- **Information given**
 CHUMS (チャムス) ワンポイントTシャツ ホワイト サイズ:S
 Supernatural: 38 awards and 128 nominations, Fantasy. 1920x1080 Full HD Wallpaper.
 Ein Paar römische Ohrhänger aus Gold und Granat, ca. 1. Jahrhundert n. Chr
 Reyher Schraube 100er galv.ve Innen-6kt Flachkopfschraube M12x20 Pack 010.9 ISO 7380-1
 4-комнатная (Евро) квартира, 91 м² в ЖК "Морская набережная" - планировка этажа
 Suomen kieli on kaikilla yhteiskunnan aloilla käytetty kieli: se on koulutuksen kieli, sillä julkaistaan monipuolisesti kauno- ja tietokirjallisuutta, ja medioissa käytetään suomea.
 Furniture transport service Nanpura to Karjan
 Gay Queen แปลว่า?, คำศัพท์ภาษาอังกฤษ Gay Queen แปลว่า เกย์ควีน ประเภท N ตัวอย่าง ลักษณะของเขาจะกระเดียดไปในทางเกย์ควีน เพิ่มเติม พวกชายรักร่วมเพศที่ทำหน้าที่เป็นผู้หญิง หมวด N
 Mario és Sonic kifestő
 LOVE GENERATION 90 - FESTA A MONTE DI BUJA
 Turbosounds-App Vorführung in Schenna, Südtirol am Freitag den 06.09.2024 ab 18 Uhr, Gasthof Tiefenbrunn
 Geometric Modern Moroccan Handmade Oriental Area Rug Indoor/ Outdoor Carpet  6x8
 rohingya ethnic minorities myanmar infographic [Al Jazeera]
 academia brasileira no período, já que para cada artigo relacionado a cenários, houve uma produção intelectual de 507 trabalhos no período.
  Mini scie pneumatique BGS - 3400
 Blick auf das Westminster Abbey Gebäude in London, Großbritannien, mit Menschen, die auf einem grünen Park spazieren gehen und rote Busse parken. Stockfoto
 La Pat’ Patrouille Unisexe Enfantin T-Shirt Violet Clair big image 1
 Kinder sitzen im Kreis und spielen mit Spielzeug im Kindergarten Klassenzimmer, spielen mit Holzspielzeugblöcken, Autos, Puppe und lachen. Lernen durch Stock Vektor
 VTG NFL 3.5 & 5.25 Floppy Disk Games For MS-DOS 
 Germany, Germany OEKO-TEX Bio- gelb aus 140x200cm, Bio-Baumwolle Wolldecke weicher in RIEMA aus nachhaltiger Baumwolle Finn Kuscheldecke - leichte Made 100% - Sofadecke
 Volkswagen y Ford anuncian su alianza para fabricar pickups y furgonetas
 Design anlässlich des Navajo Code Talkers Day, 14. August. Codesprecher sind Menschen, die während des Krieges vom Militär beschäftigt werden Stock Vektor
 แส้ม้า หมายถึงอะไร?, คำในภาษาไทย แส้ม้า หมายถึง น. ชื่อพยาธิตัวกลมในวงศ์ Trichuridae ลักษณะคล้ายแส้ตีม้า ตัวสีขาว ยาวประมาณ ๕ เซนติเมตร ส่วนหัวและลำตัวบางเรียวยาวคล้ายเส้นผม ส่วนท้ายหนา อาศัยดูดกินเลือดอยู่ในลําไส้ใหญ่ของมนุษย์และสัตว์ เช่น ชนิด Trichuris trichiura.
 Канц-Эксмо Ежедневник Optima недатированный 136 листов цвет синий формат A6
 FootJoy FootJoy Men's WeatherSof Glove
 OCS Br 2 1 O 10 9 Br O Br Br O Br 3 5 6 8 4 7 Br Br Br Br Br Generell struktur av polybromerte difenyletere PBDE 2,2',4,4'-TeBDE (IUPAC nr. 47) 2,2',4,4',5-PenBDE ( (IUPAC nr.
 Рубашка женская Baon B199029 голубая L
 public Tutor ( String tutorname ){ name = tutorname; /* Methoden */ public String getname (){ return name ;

- **Task to complete**
The lines above from the one containing "La Pat’ Patrouille" through the one containing "FootJoy FootJoy Men's WeatherSof Glove" are to be set down exactly, and no others.

- **Solution to this exercise**
 La Pat’ Patrouille Unisexe Enfantin T-Shirt Violet Clair big image 1
 Kinder sitzen im Kreis und spielen mit Spielzeug im Kindergarten Klassenzimmer, spielen mit Holzspielzeugblöcken, Autos, Puppe und lachen. Lernen durch Stock Vektor
 VTG NFL 3.5 & 5.25 Floppy Disk Games For MS-DOS 
 Germany, Germany OEKO-TEX Bio- gelb aus 140x200cm, Bio-Baumwolle Wolldecke weicher in RIEMA aus nachhaltiger Baumwolle Finn Kuscheldecke - leichte Made 100% - Sofadecke
 Volkswagen y Ford anuncian su alianza para fabricar pickups y furgonetas
 Design anlässlich des Navajo Code Talkers Day, 14. August. Codesprecher sind Menschen, die während des Krieges vom Militär beschäftigt werden Stock Vektor
 แส้ม้า หมายถึงอะไร?, คำในภาษาไทย แส้ม้า หมายถึง น. ชื่อพยาธิตัวกลมในวงศ์ Trichuridae ลักษณะคล้ายแส้ตีม้า ตัวสีขาว ยาวประมาณ ๕ เซนติเมตร ส่วนหัวและลำตัวบางเรียวยาวคล้ายเส้นผม ส่วนท้ายหนา อาศัยดูดกินเลือดอยู่ในลําไส้ใหญ่ของมนุษย์และสัตว์ เช่น ชนิด Trichuris trichiura.
 Канц-Эксмо Ежедневник Optima недатированный 136 листов цвет синий формат A6
 FootJoy FootJoy Men's WeatherSof Glove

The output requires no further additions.